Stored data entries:
*** Block opens ***

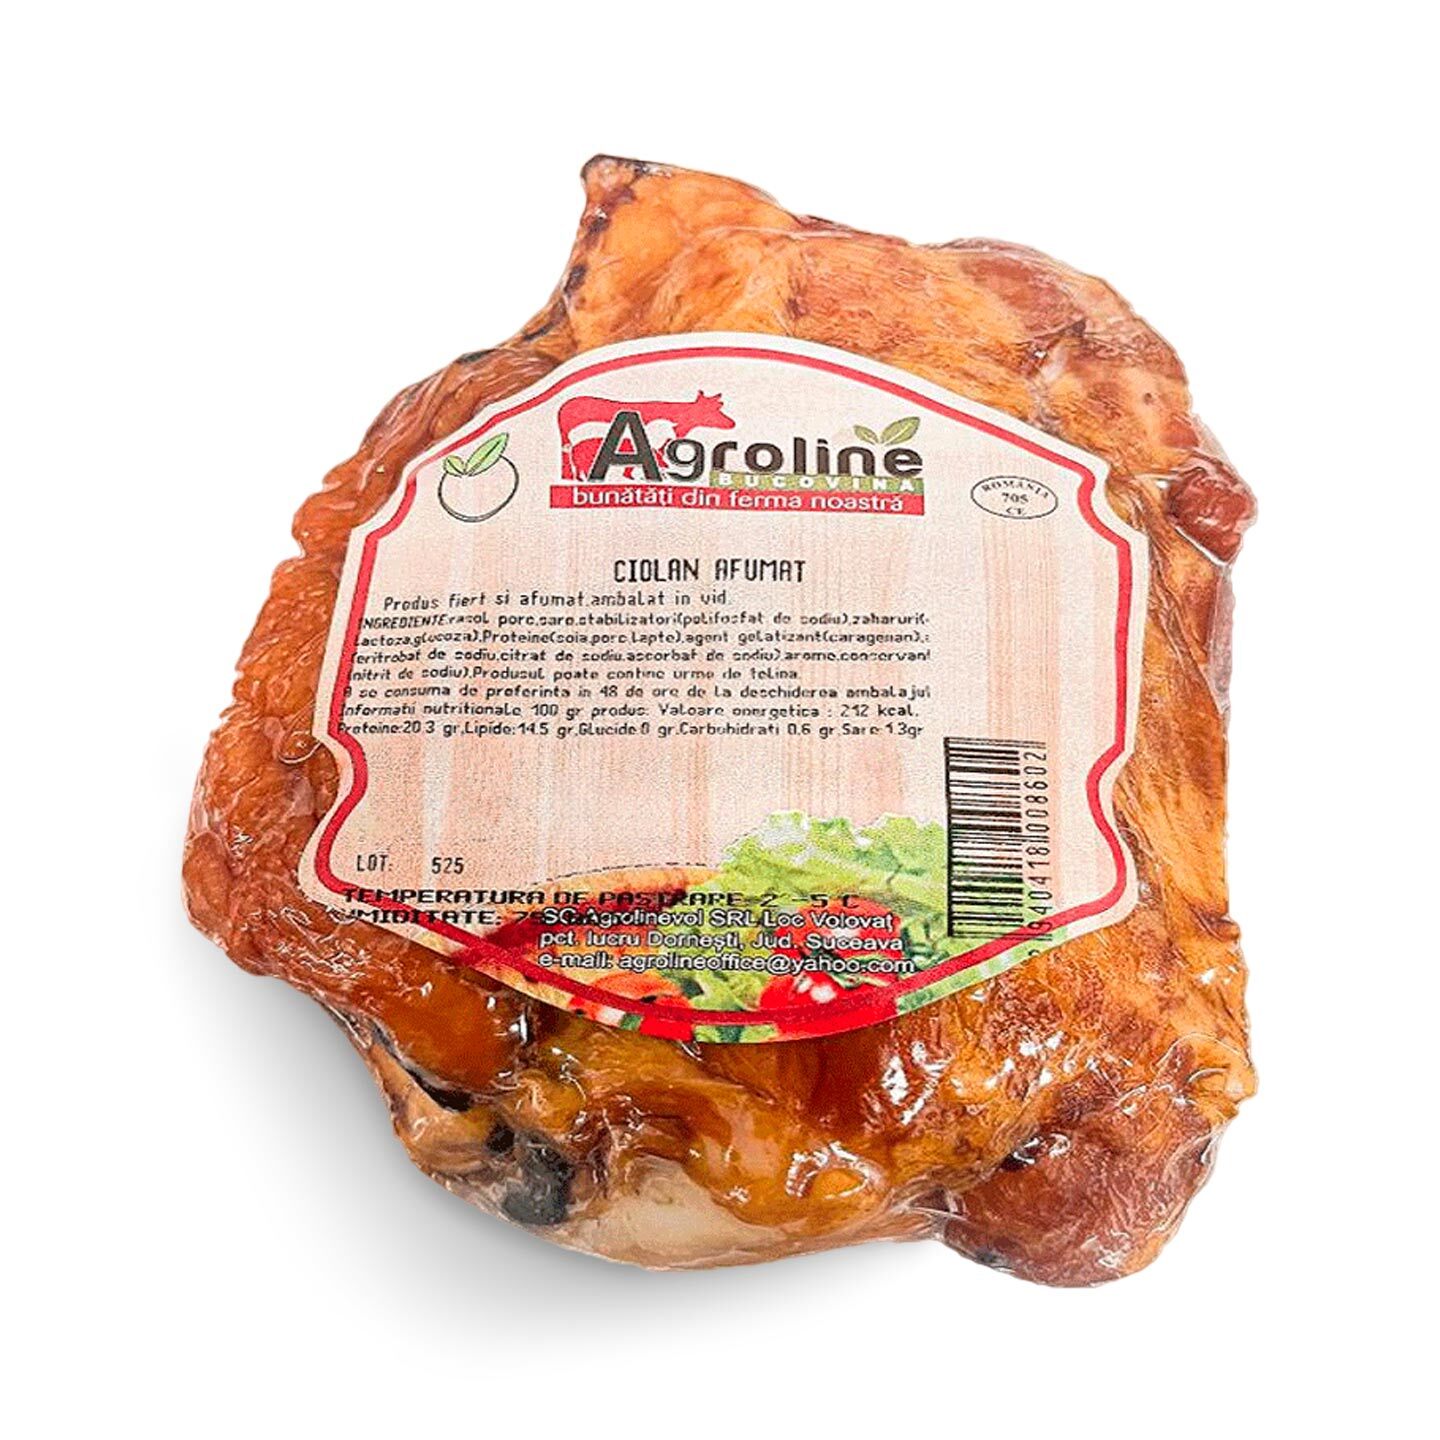 Ciolan afumat de porc Agroline per 100g
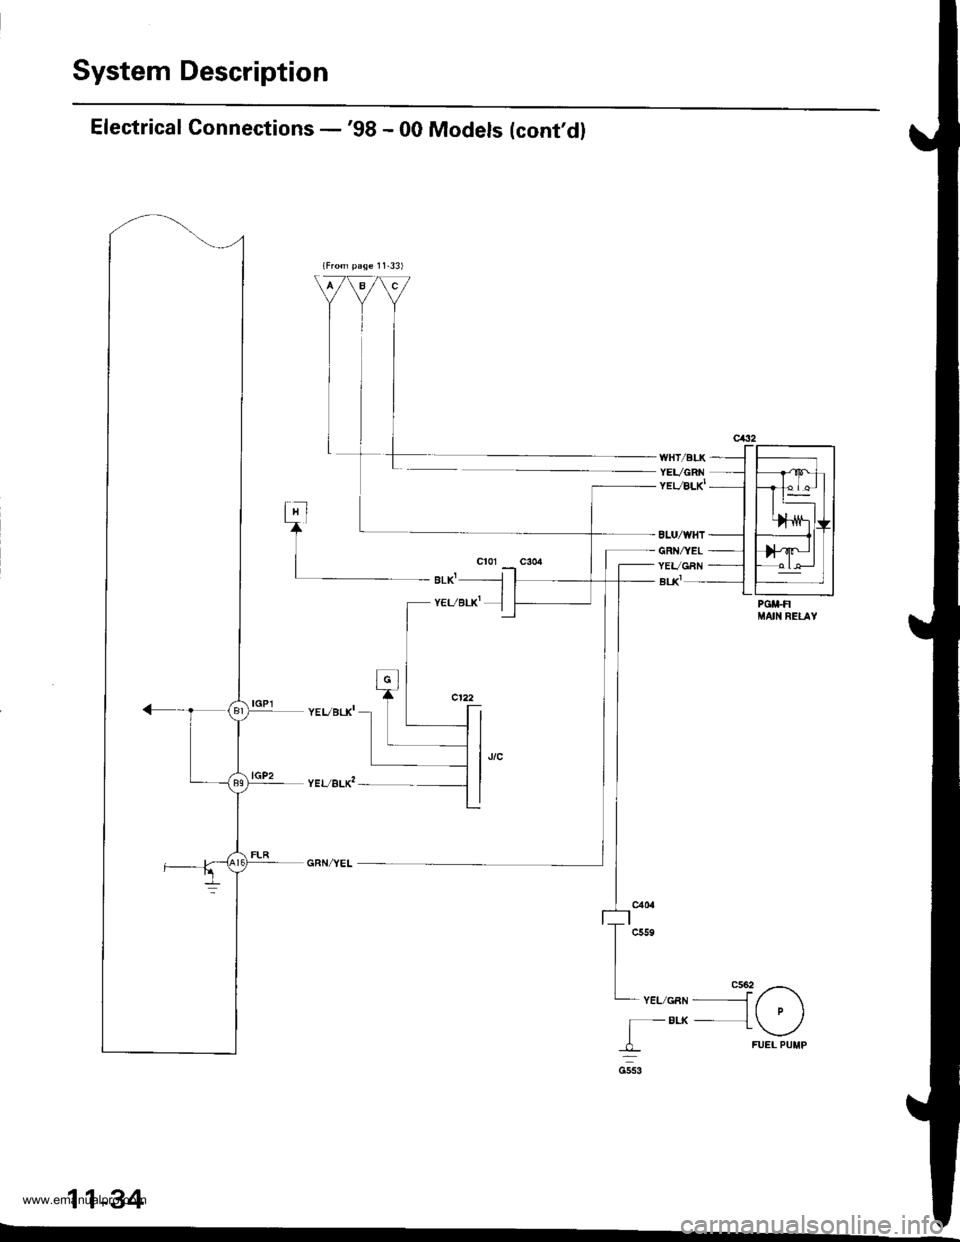 HONDA CR-V 1999 RD1-RD3 / 1.G User Guide 
System Description
Electrical Connections -98 - 00 Models (contdl
PGU.FIMAII{ BEIAY
cssr
cs6-2 ,z-_\-YEL/GBN- 
-f p \-BLx-- l  ./| - "---.,
_L FUEL PUI{P
11-34
www.emanualpro.com  
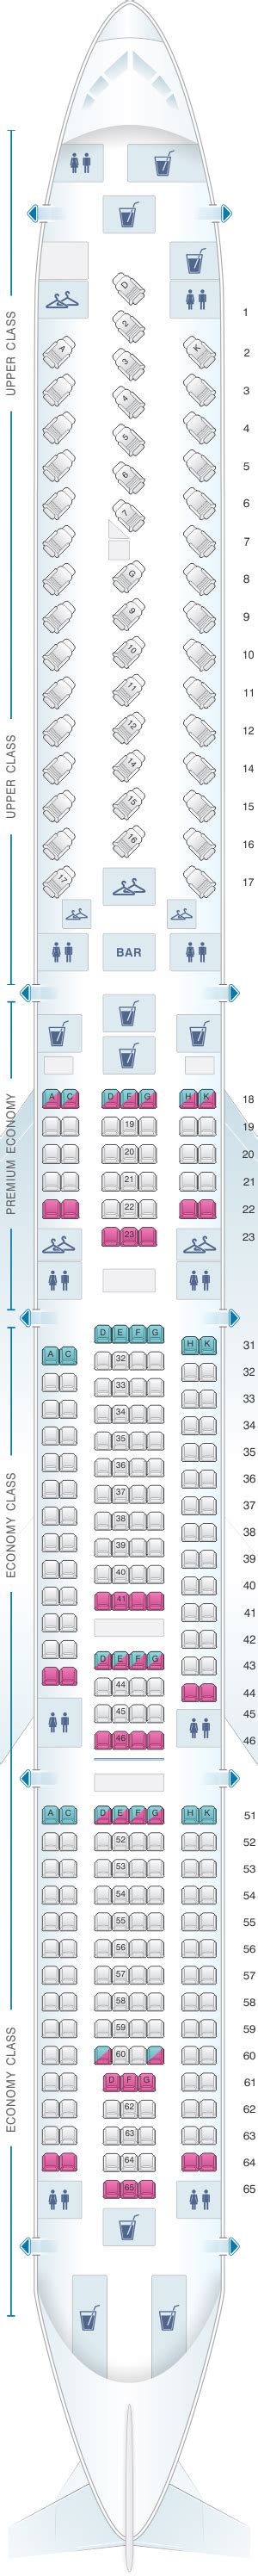 Airbus A330 300 Seating Chart Virgin Atlantic Elcho Table
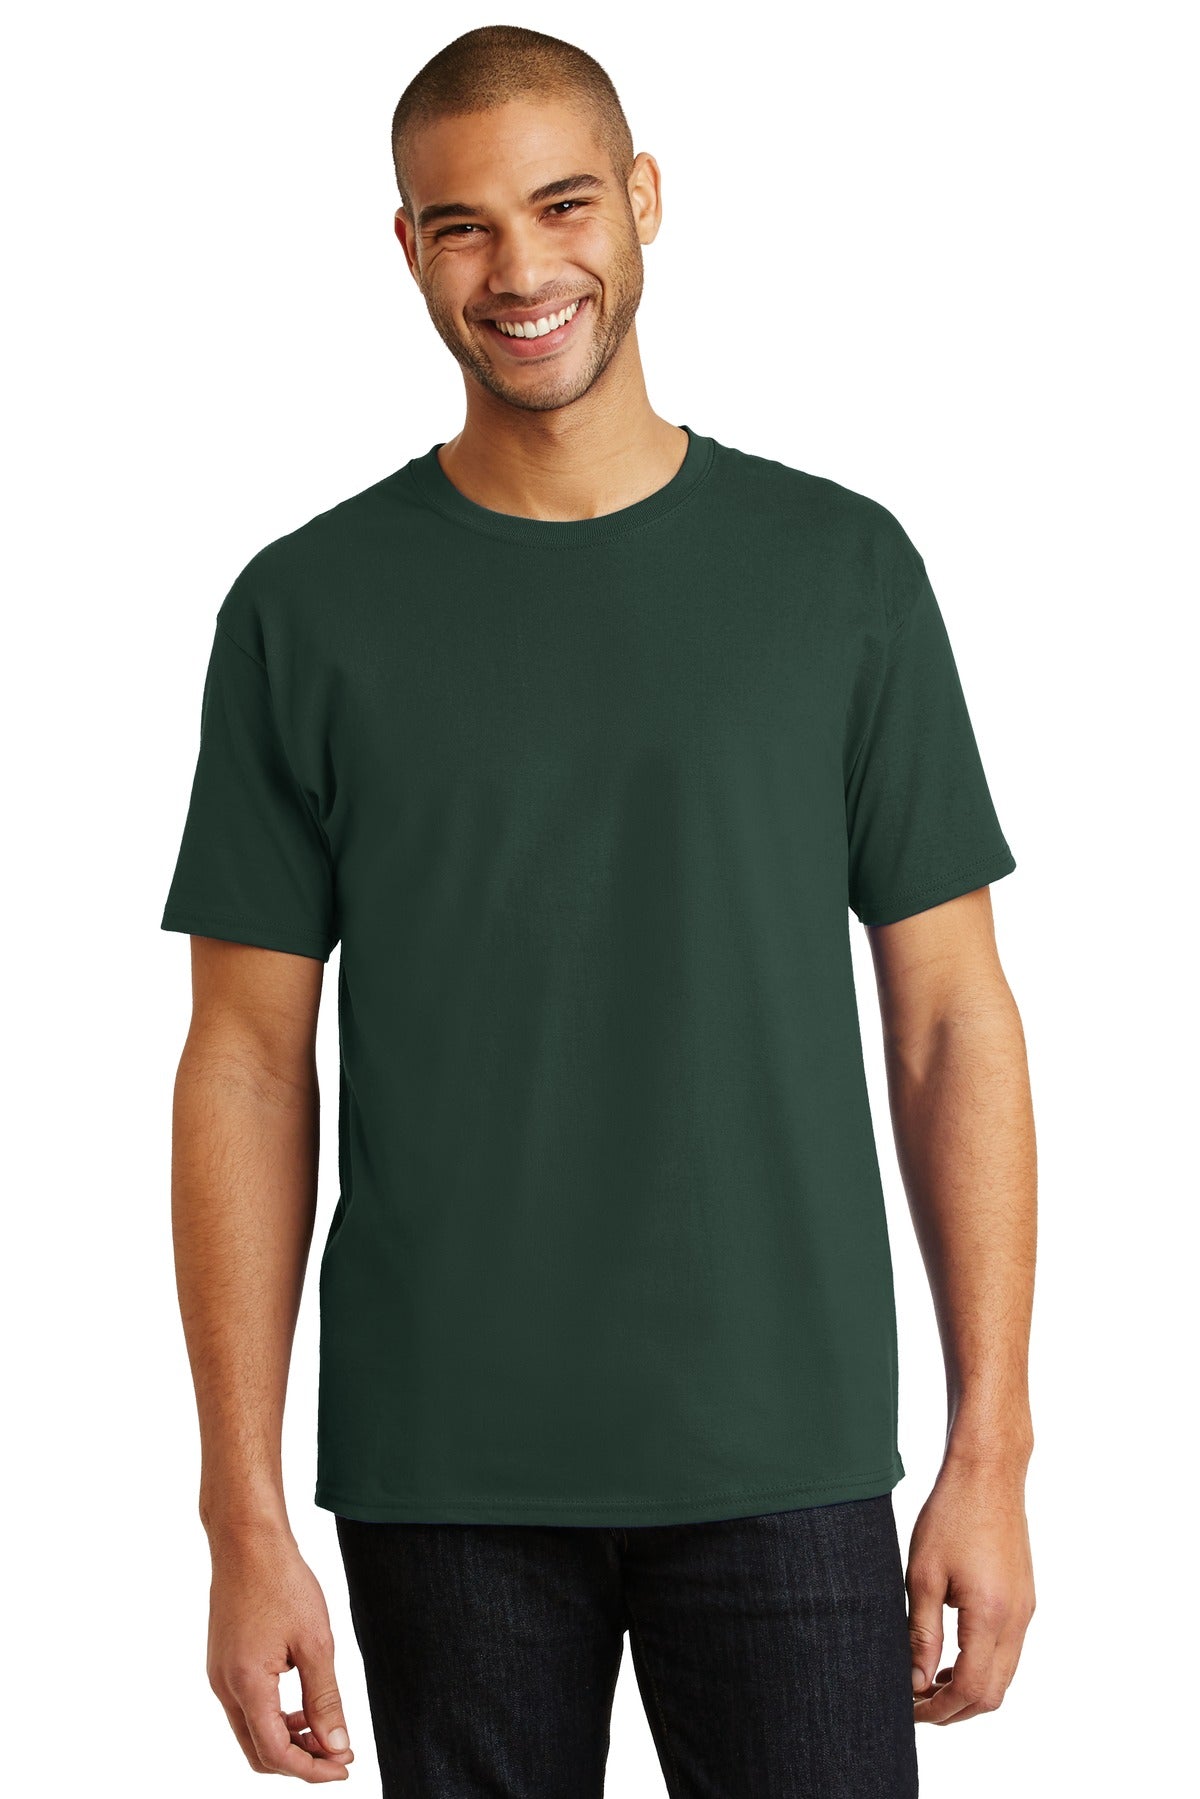 Hanes Unisex ComfortSoft® Cotton T-Shirt S Charcoal Heather

*** Block closes ***

Task requirements:
All records above are to be repeated exactly, with the images left out.

Answer to the exercise:
 Ciolan afumat de porc Agroline per 100g
 HONDA CR-V 1999 RD1-RD3 / 1.G User Guide 
System Description
Electrical Connections -98 - 00 Models (contdl
PGU.FIMAII{ BEIAY
cssr
cs6-2 ,z-_\-YEL/GBN- 
-f p \-BLx-- l  ./| - "---.,
_L FUEL PUI{P
11-34
www.emanualpro.com  
 Airbus A330 300 Seating Chart Virgin Atlantic Elcho Table
 Hanes Unisex ComfortSoft® Cotton T-Shirt S Charcoal Heather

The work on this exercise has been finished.